TASK DESCRIPTION = Excluding pictures, retype the line with "8er Pack Puma" and each line that follows it to the end of the data below, word for word.

INFORMATION SHOWN =

- - -

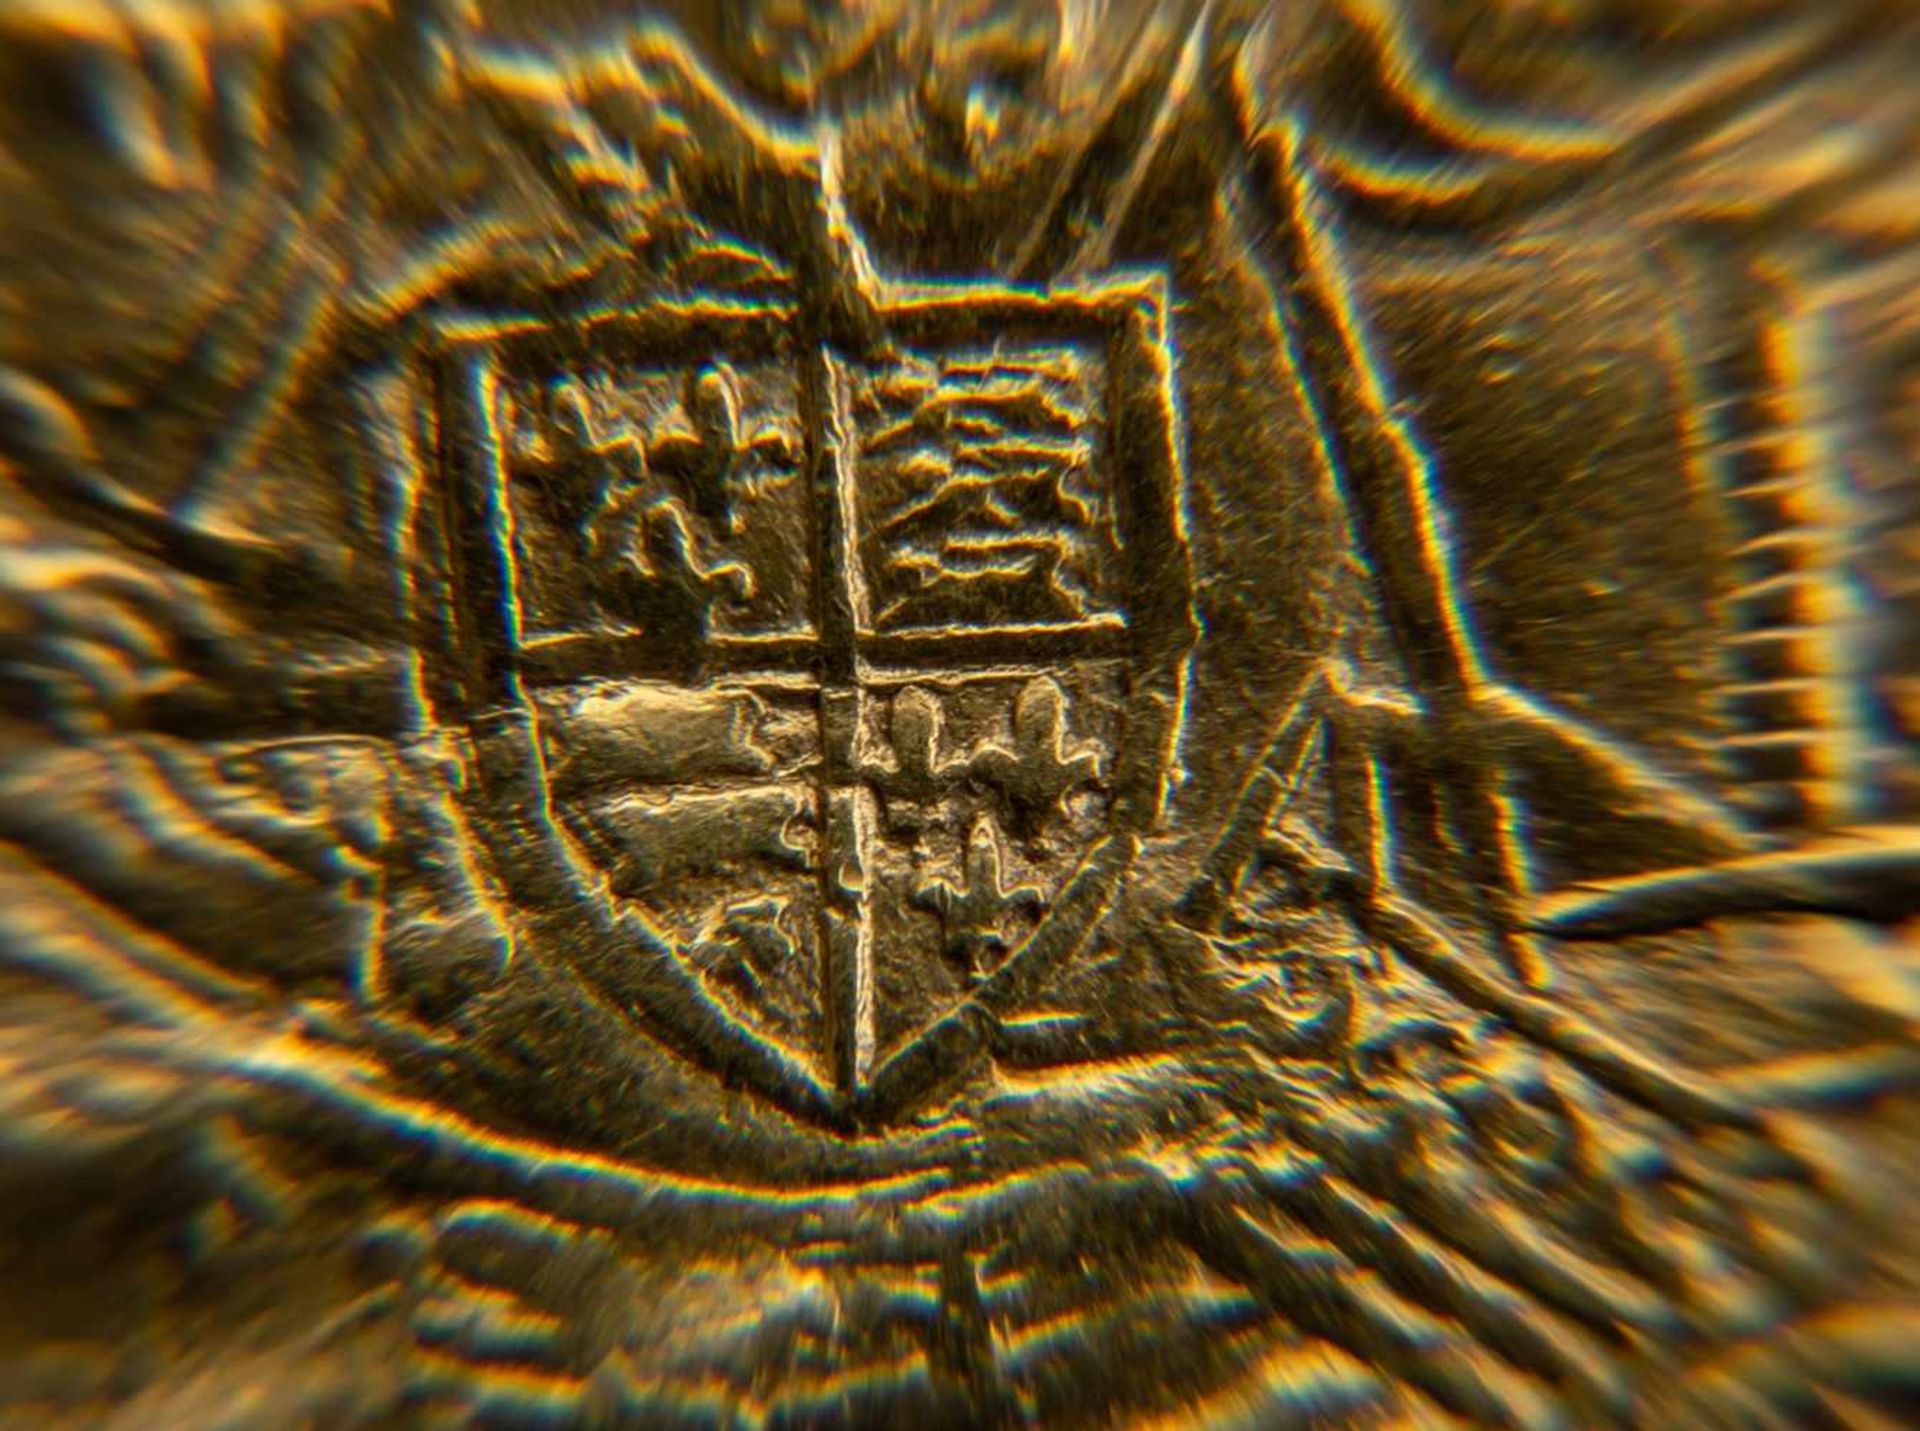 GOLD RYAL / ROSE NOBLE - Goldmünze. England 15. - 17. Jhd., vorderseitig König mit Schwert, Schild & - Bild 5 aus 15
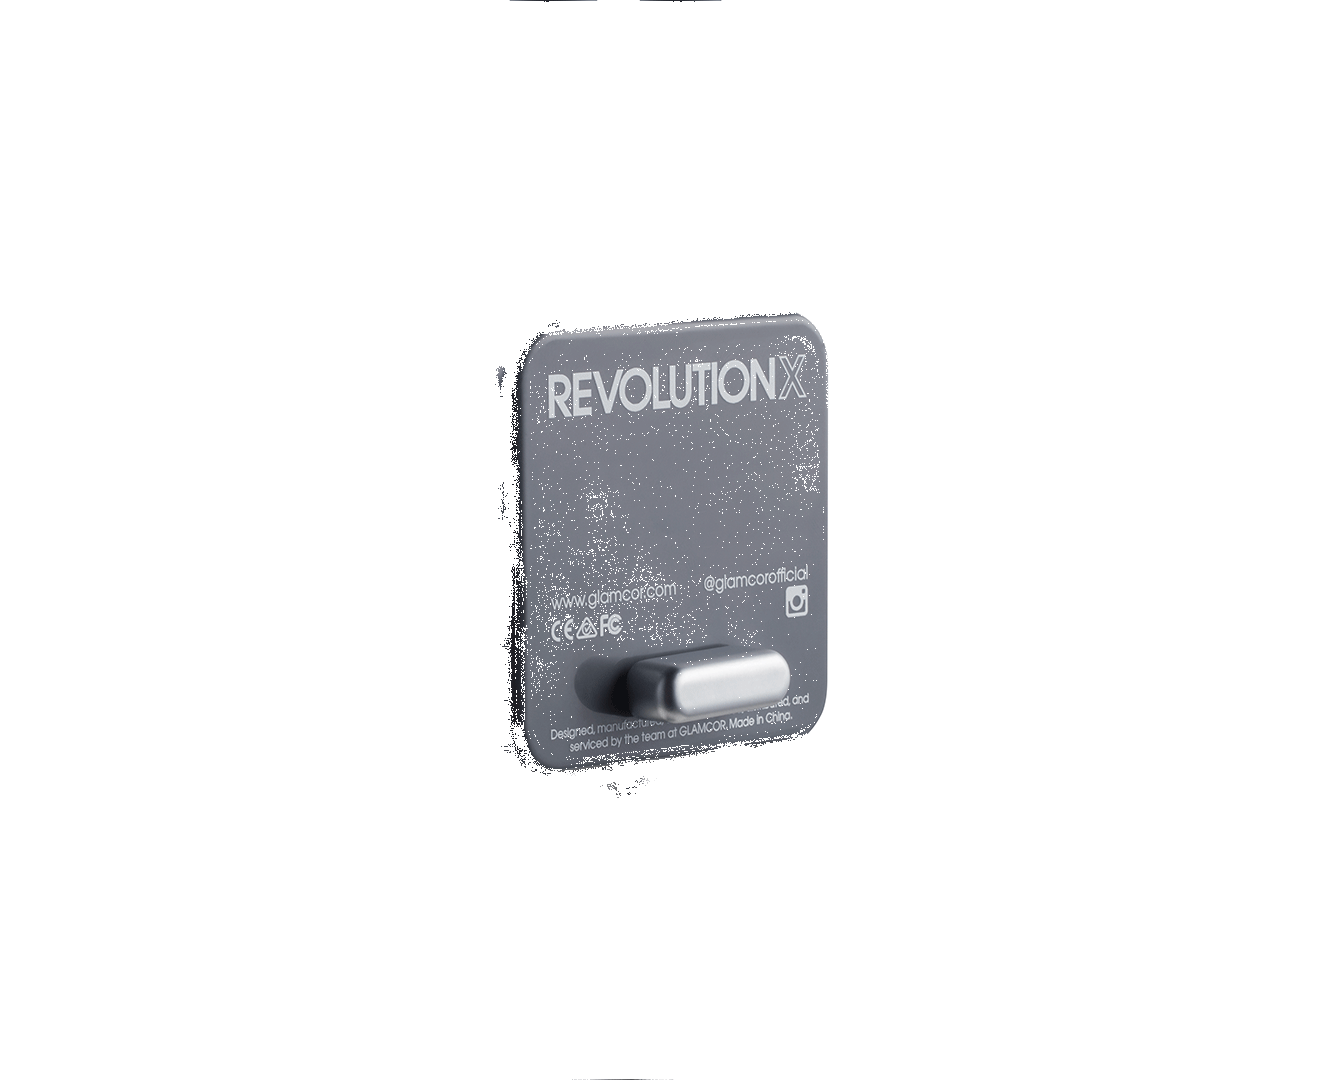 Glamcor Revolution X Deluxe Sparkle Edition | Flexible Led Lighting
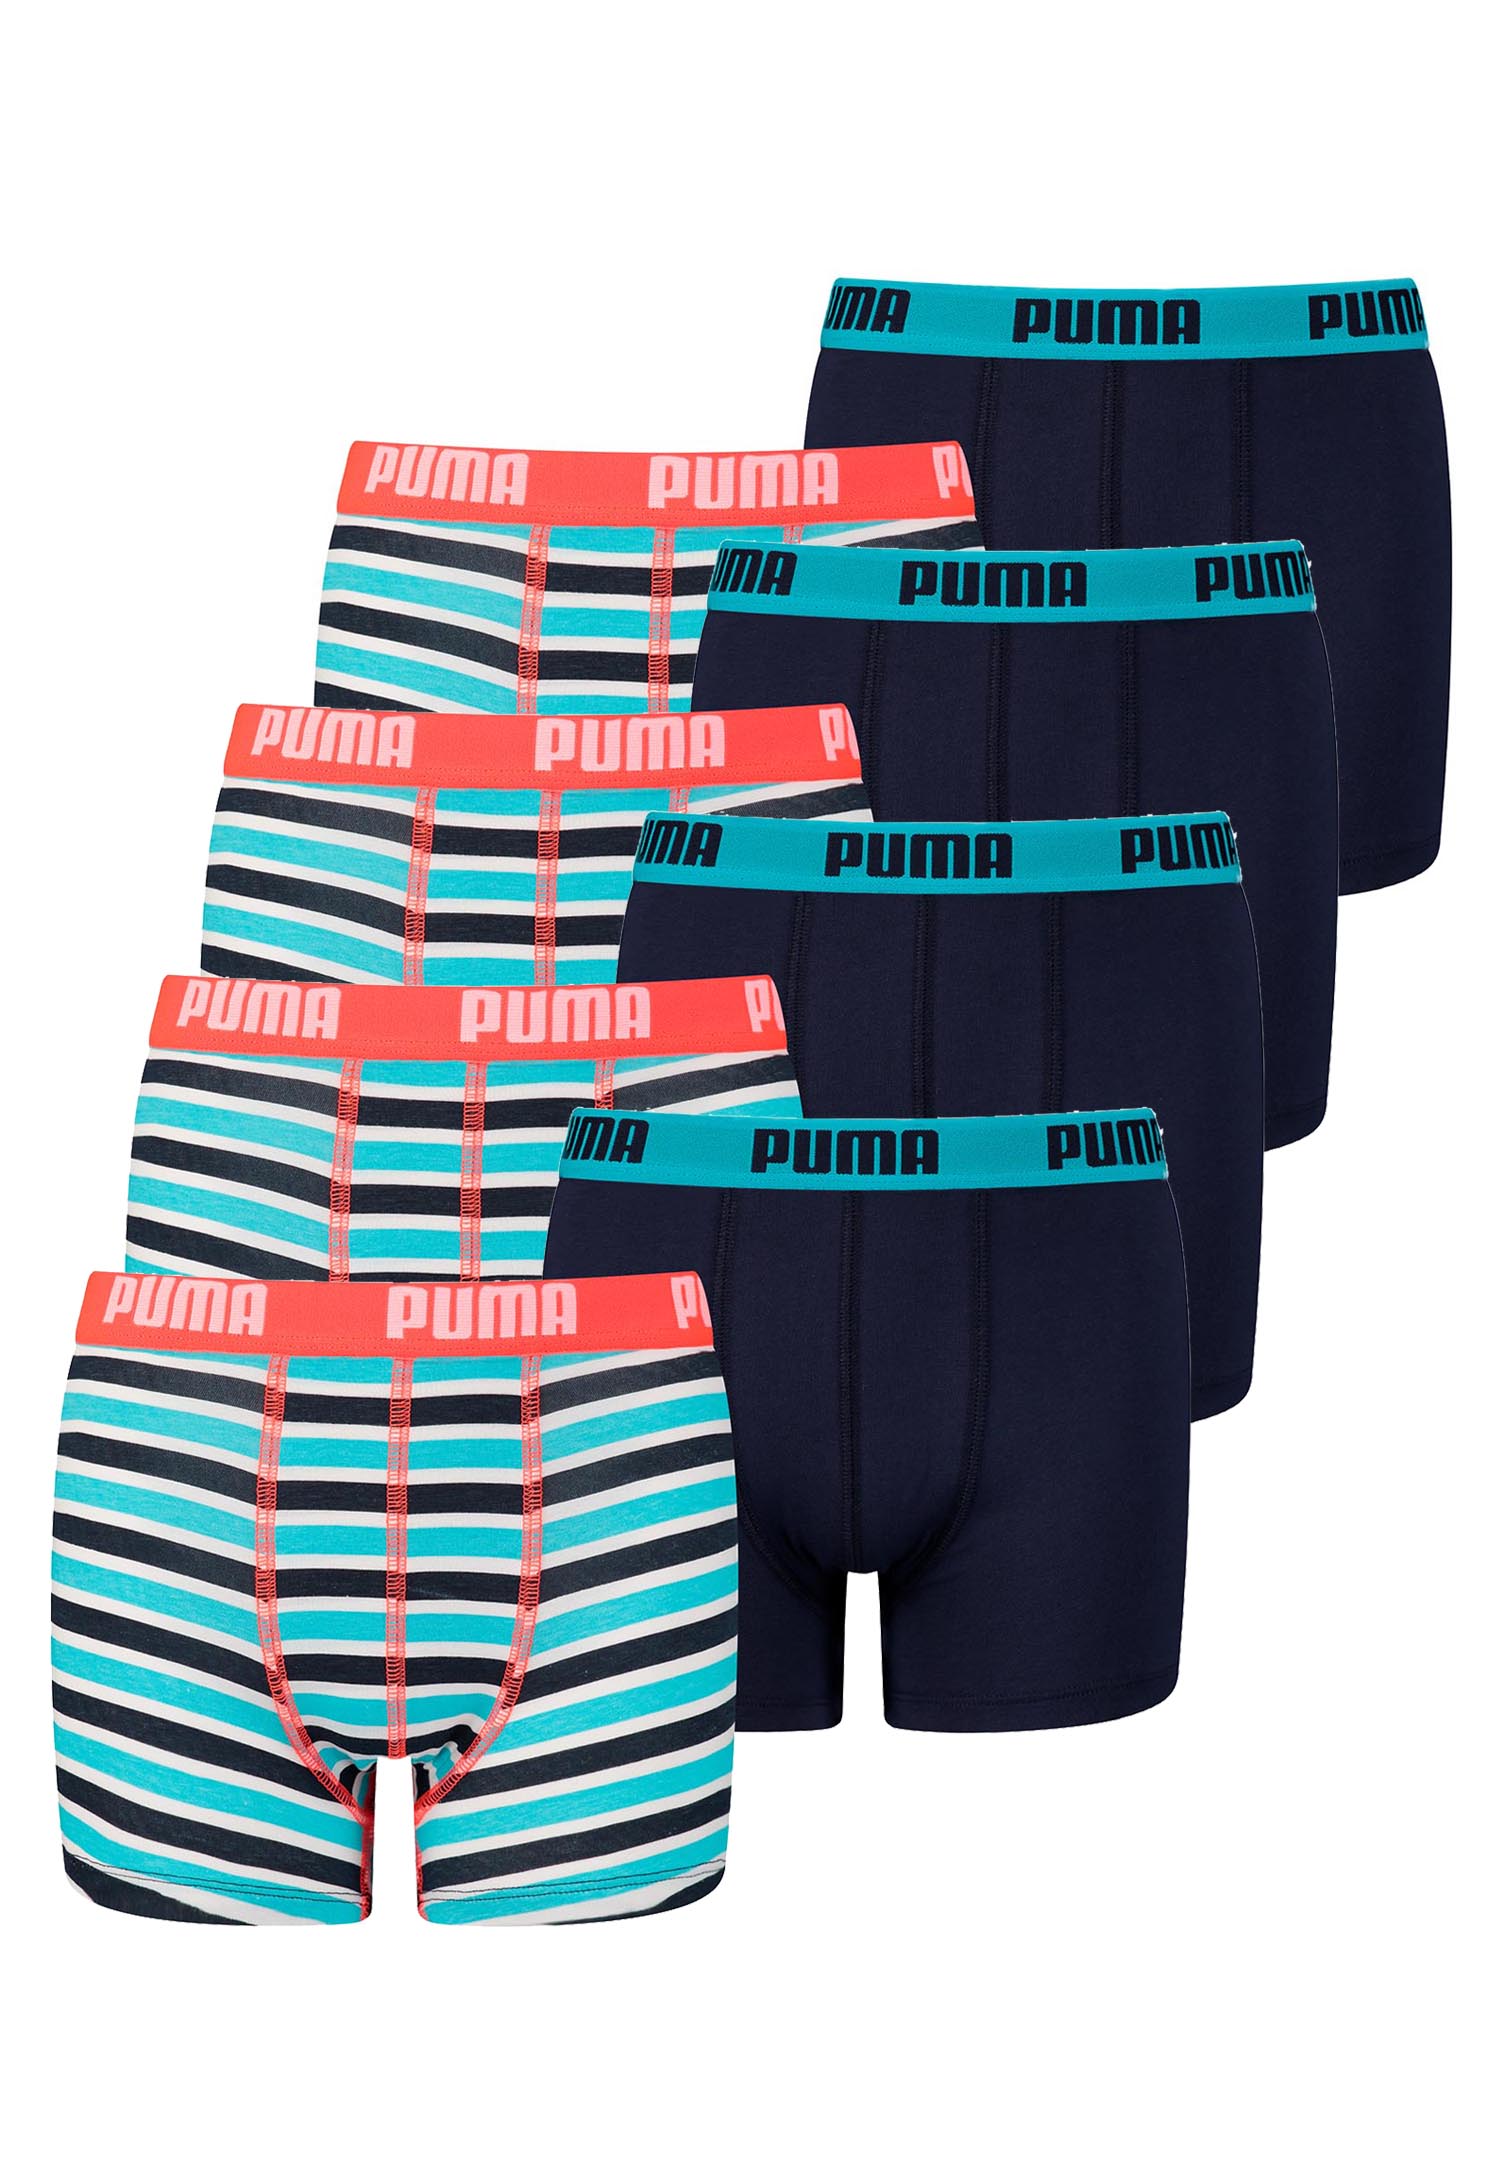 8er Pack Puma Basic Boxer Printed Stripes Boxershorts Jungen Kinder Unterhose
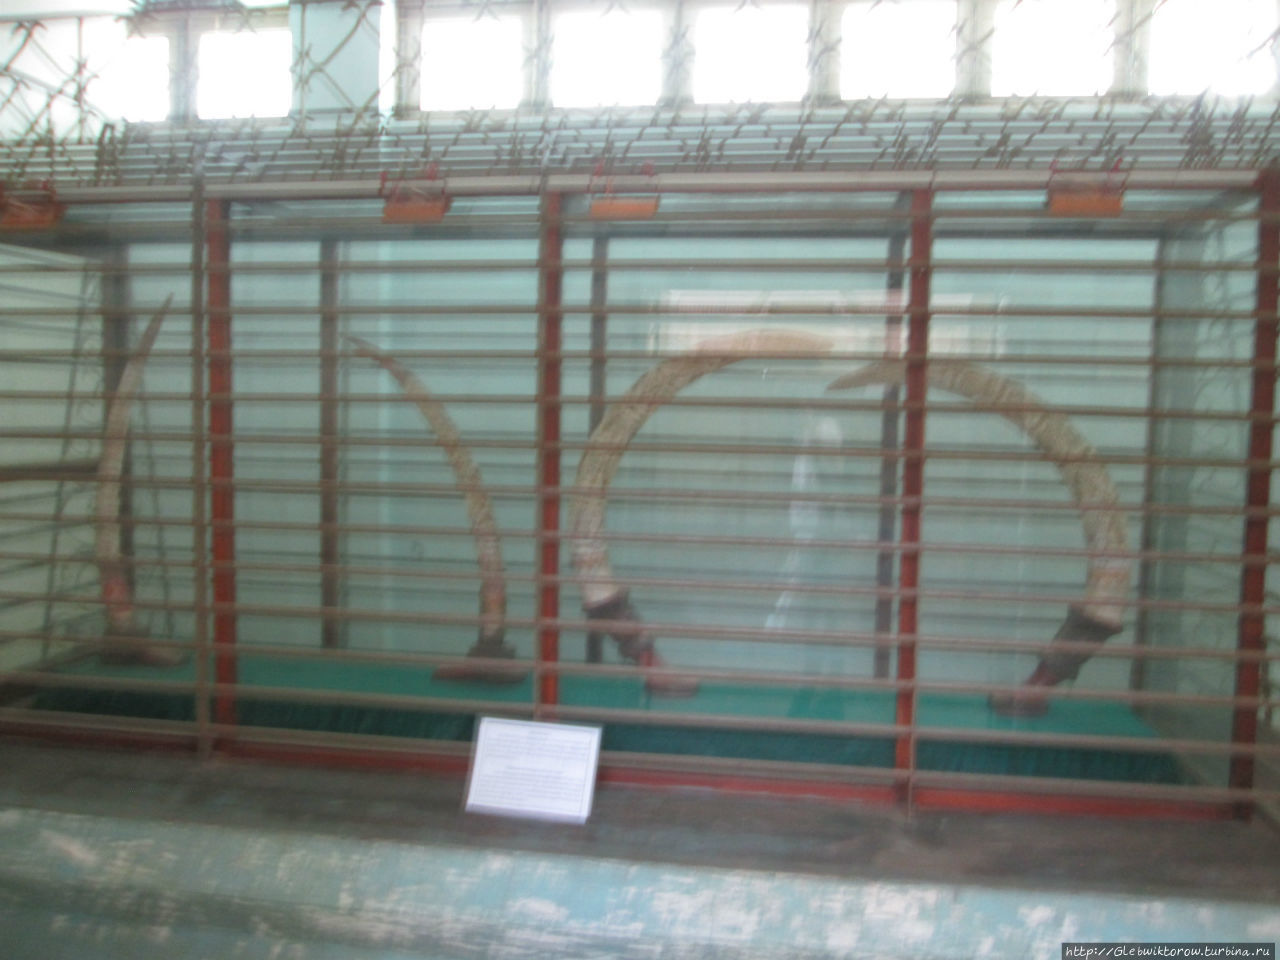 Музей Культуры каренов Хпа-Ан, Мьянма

- - -

WRITTEN ANSWER =
 8er Pack Puma Basic Boxer Printed Stripes Boxershorts Jungen Kinder Unterhose
 Музей Культуры каренов Хпа-Ан, Мьянма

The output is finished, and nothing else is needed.